History of the Railway

Vía Verde del Mutiloa-Ormaiztegi - Historia del FerrocarrilThis is the story of two mining deposits and a railway. Two mining companies, working opposite slopes of the same mountain, that got on well and shared the same train. The Mutiloa mining company extracted, from the mines of Troi-Aztiria (Mutiloa deposit), hematite from the chirteras (haulage deposits) that were washed in Monastegizar. It also exploited small vein of hematite with a lot of limestone (iron carbonates), which was enriched in a furnace in the vicinity of Ormaiztegui Station. To transport the ore to the processing industries, the Biscayan company Mutiloa decided to use a mountain train with steam traction. The Mutiloa-Ormaiztegi railway came into operation in 1901 with two locomotives, whose transport capacity was around 300 tonnes per day.  The ore went down a chute to the hamlet of Barnaola. There it was loaded onto wagons and transported along the Mutiloa railway to Ormaiztegi Station, where it was transferred to the Norte Railway. 

The Cerain Iron Ore mining company extracted iron carbonate from the Aizpea deposit in Zerain, on the other side of the mountain above the hamlet of Barnaola.

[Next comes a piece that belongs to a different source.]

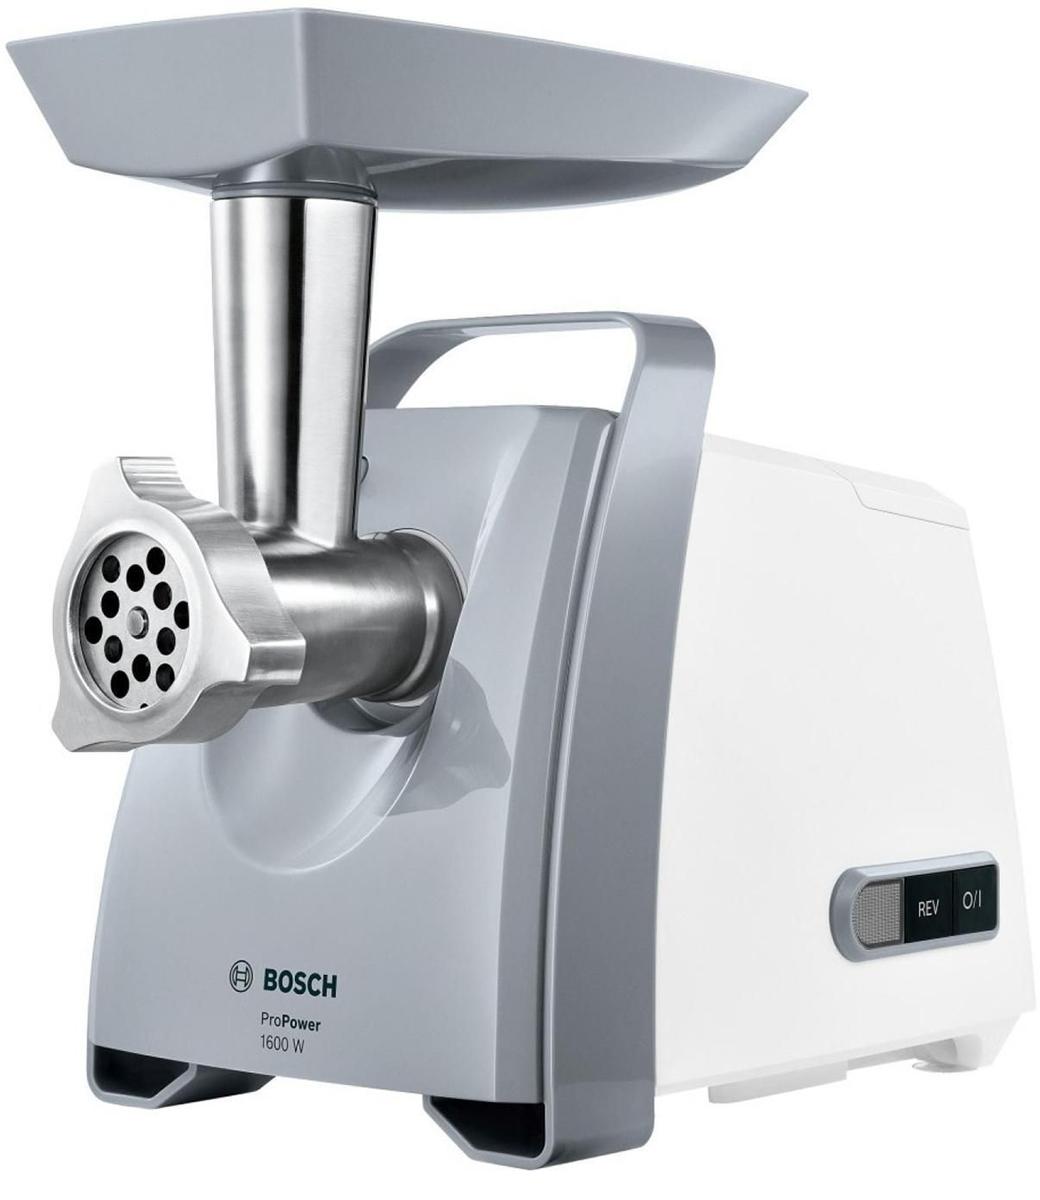 Zakazat.ru: Bosch MFW45020 ProPower, White Silver мясорубка

This English company built a mountain railway that was only 1.5 km long. A steam locomotive collected the ore extracted in the different mines and transported it in wagons to a chute, where it went down to the furnaces of Aizpea. After calcination, an aerial tram, about 3 km long, transported the ore to the hamlet of Barnaola, where it was also loaded onto the Mutiloa railway. 

The two locomotives of the Mutiloa mining railway, which were given the name “Mutiloa,” ran for the last time in 1927. This is where the story of the train ends, but not that of the mines. The Troya de Mutiloa mine continued its activity until the 1980s. In Zerain, the mining operation passed into the hands of the German company Aralar in 1932 and Patricio Etxebarria de Legazpi’s factory continued operating from 1941 until its permanent closure in 1951.